## Input data
%%
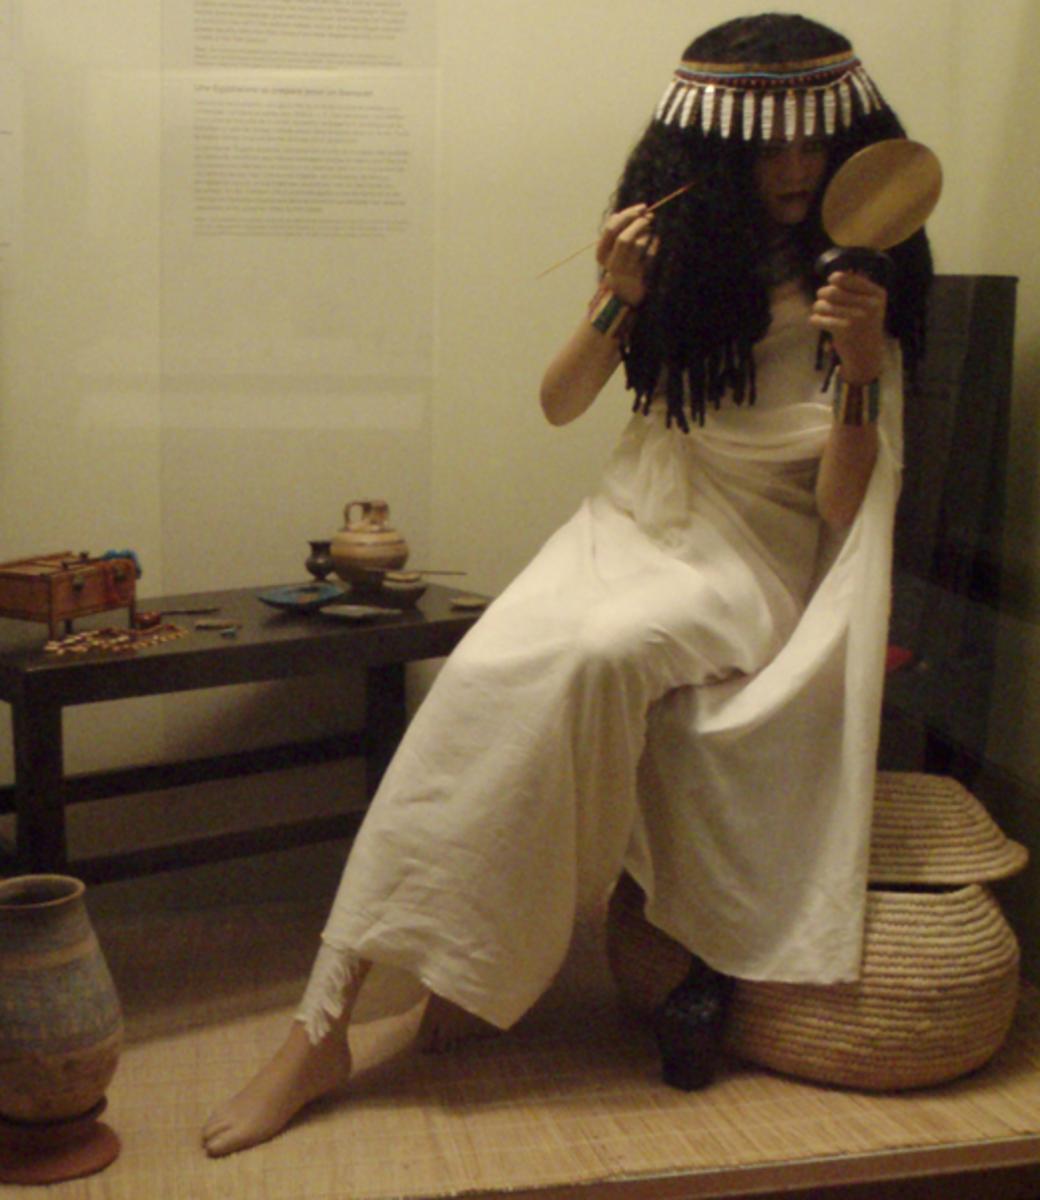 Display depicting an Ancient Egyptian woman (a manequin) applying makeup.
%%
%%
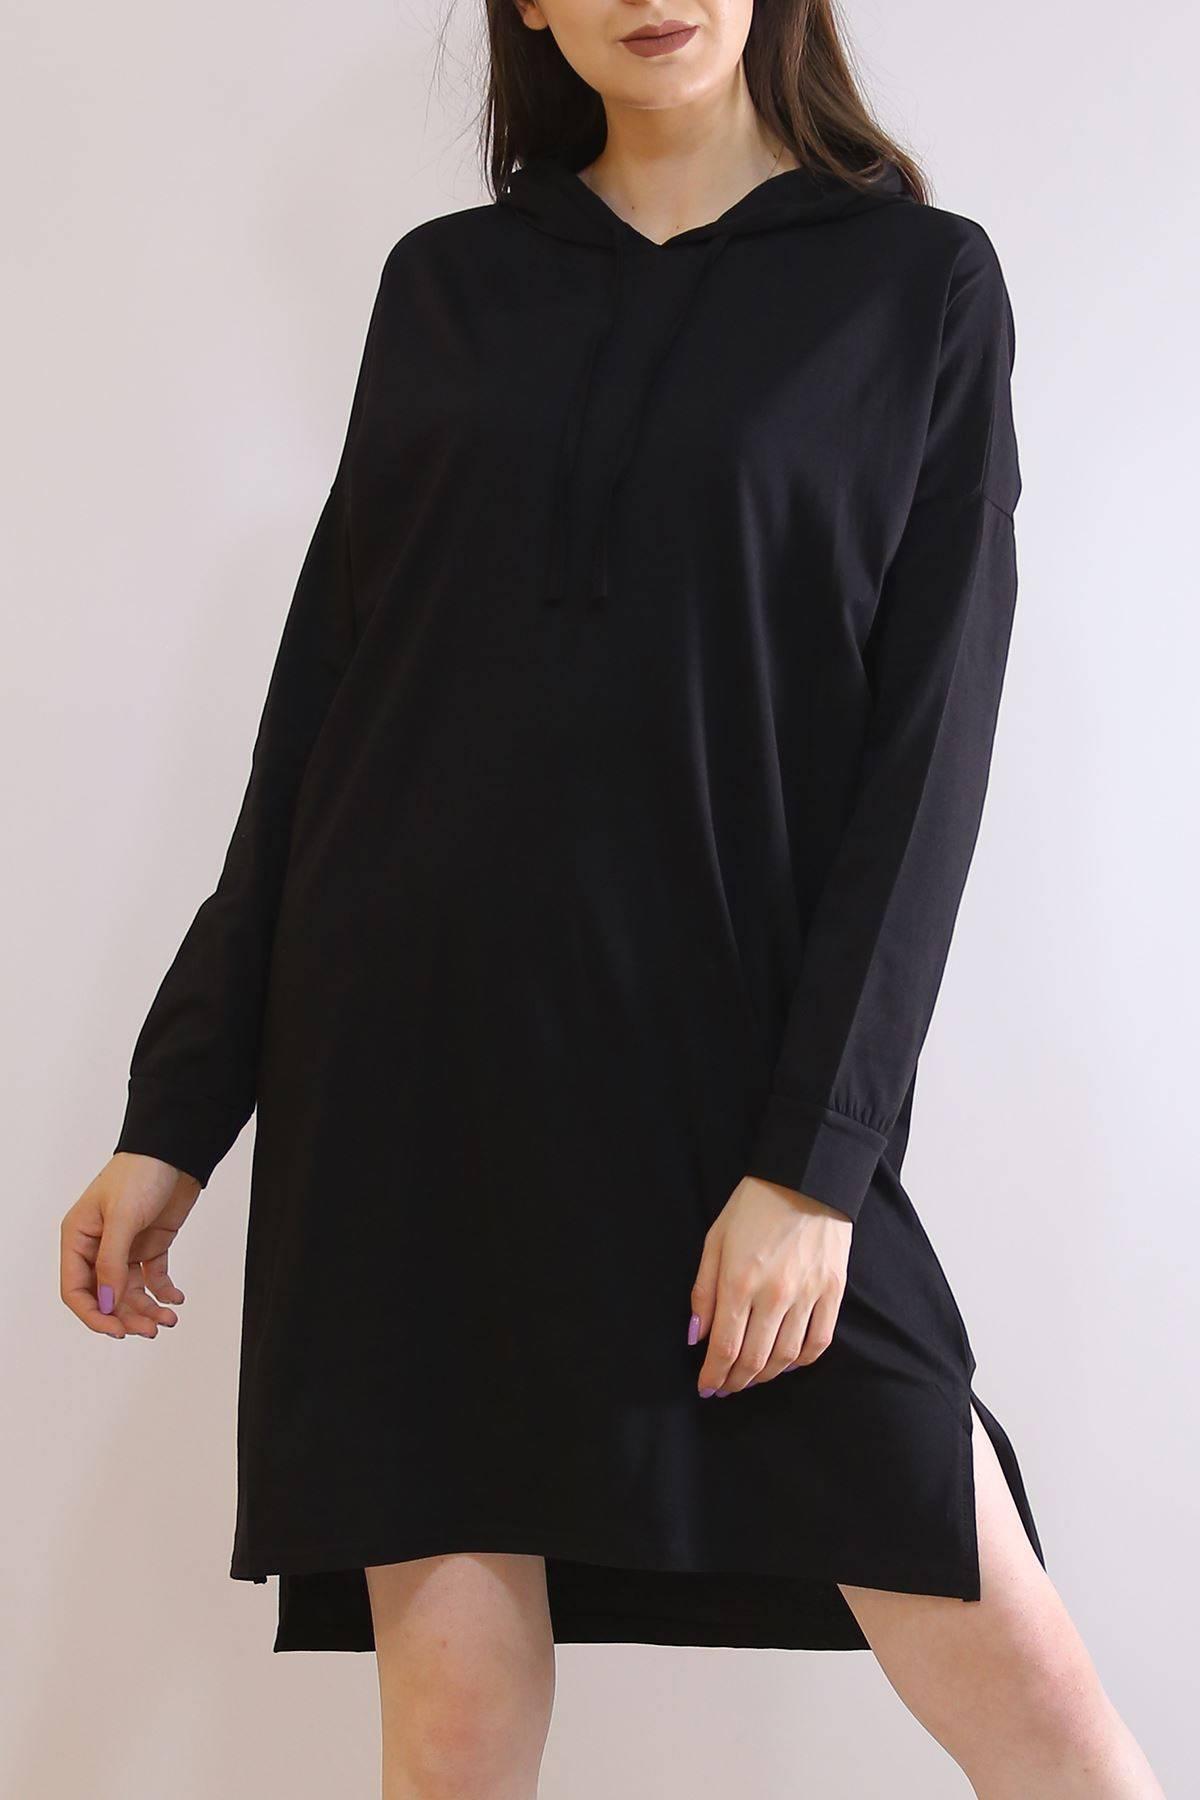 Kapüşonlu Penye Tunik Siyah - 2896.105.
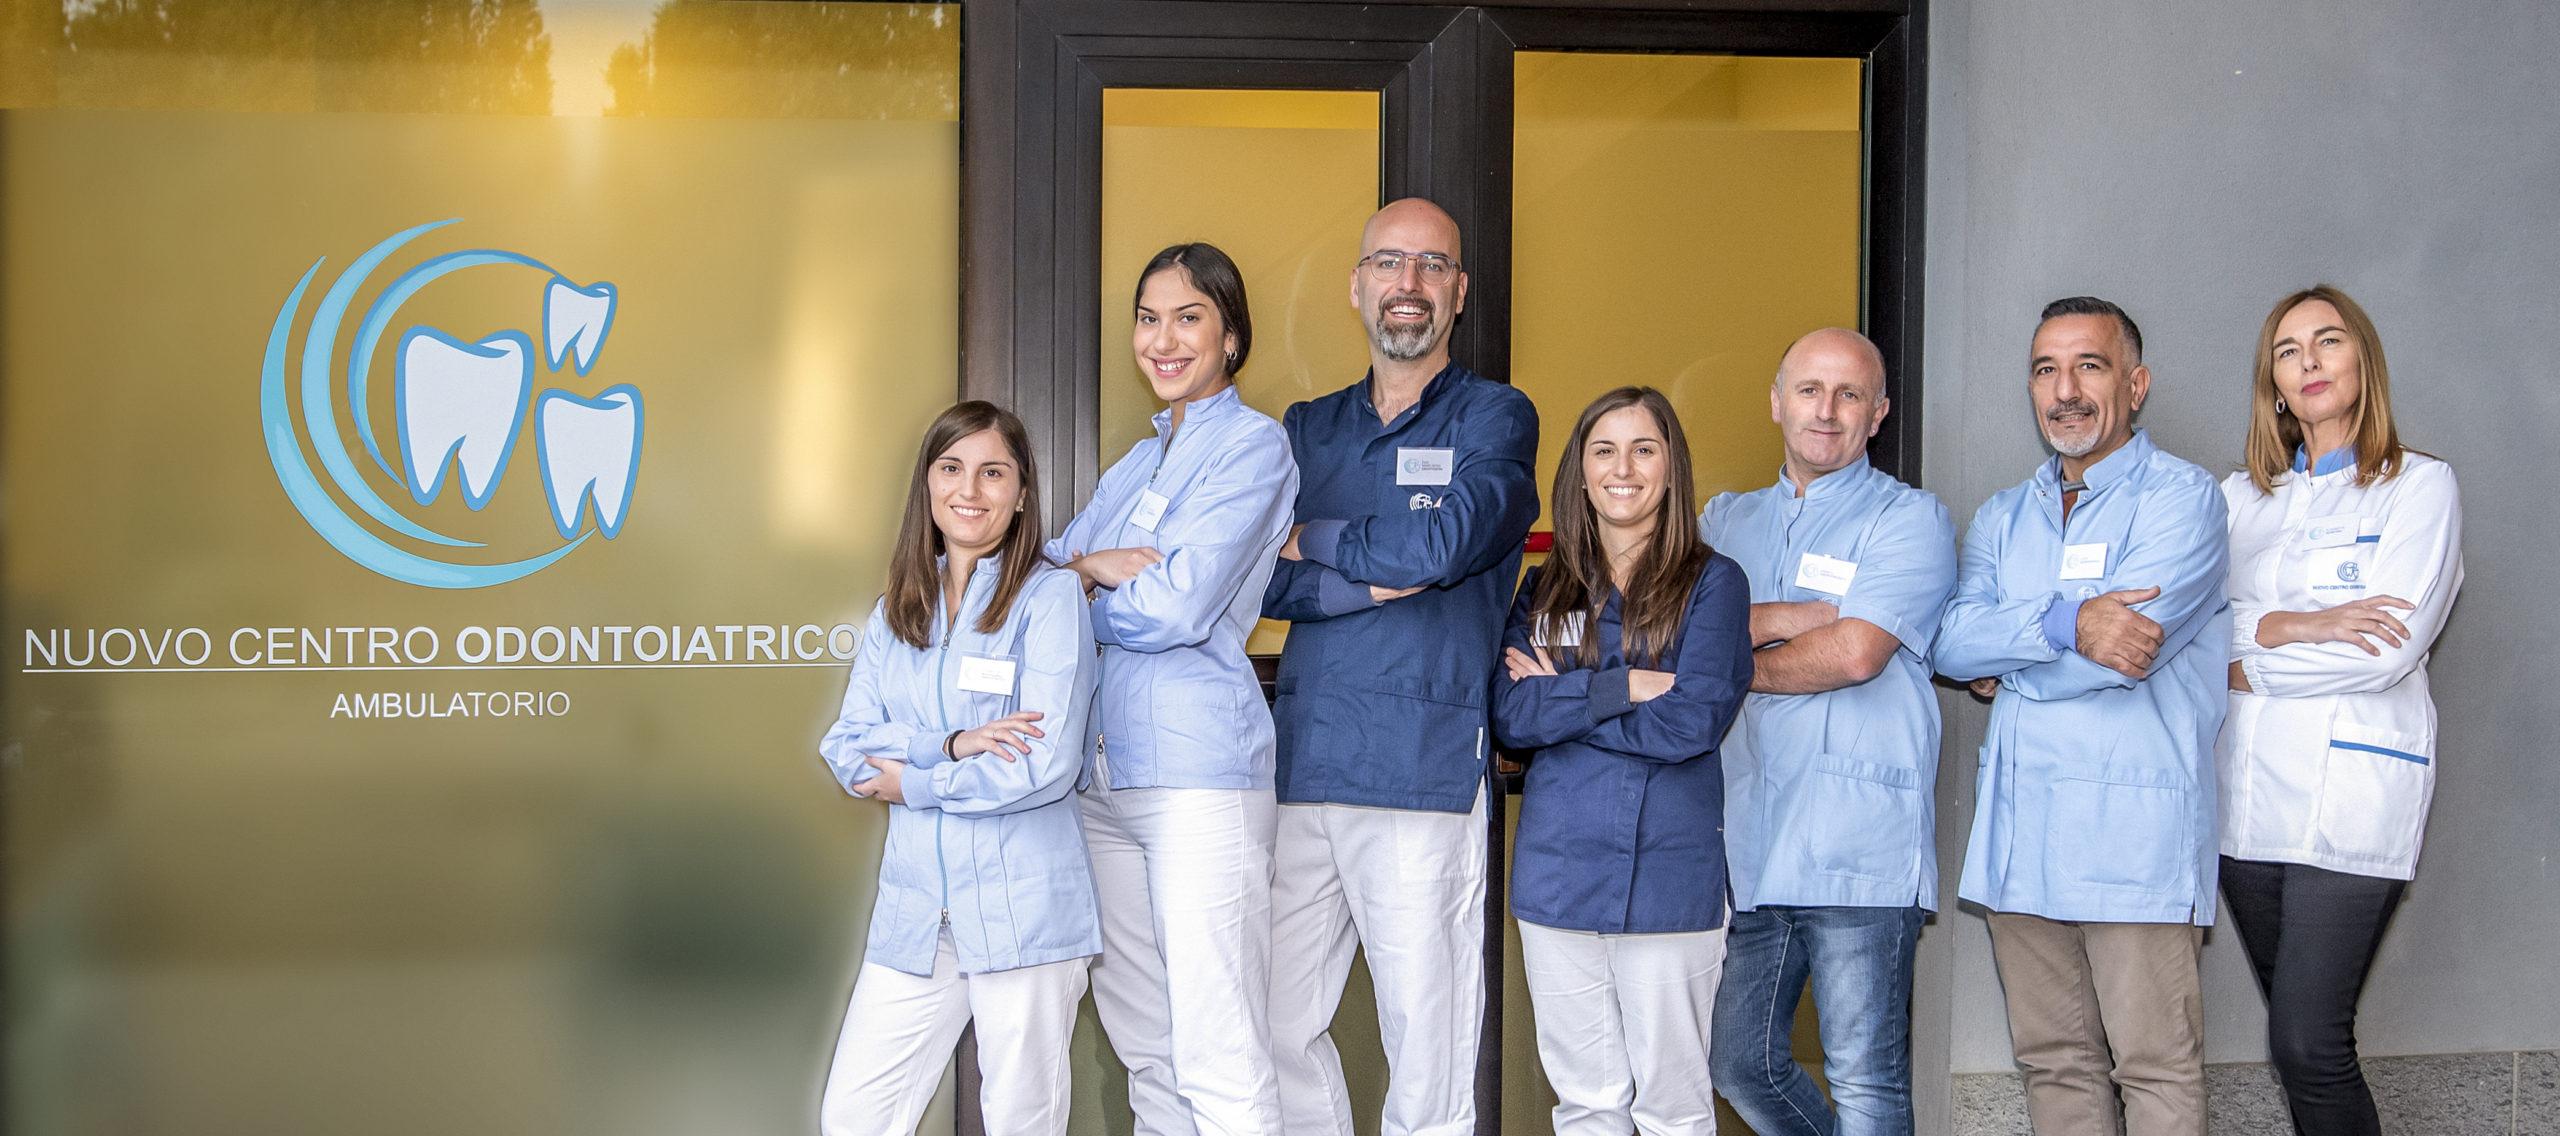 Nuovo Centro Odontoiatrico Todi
%%
## What needs to be done
Your copy should hold only the lines above from the one containing "Kapüşonlu Penye Tunik Siyah - 2896.105." through the one containing "Nuovo Centro Odontoiatrico Todi", exactly as written and free of pictures.

## Task result
 Kapüşonlu Penye Tunik Siyah - 2896.105.
 Nuovo Centro Odontoiatrico Todi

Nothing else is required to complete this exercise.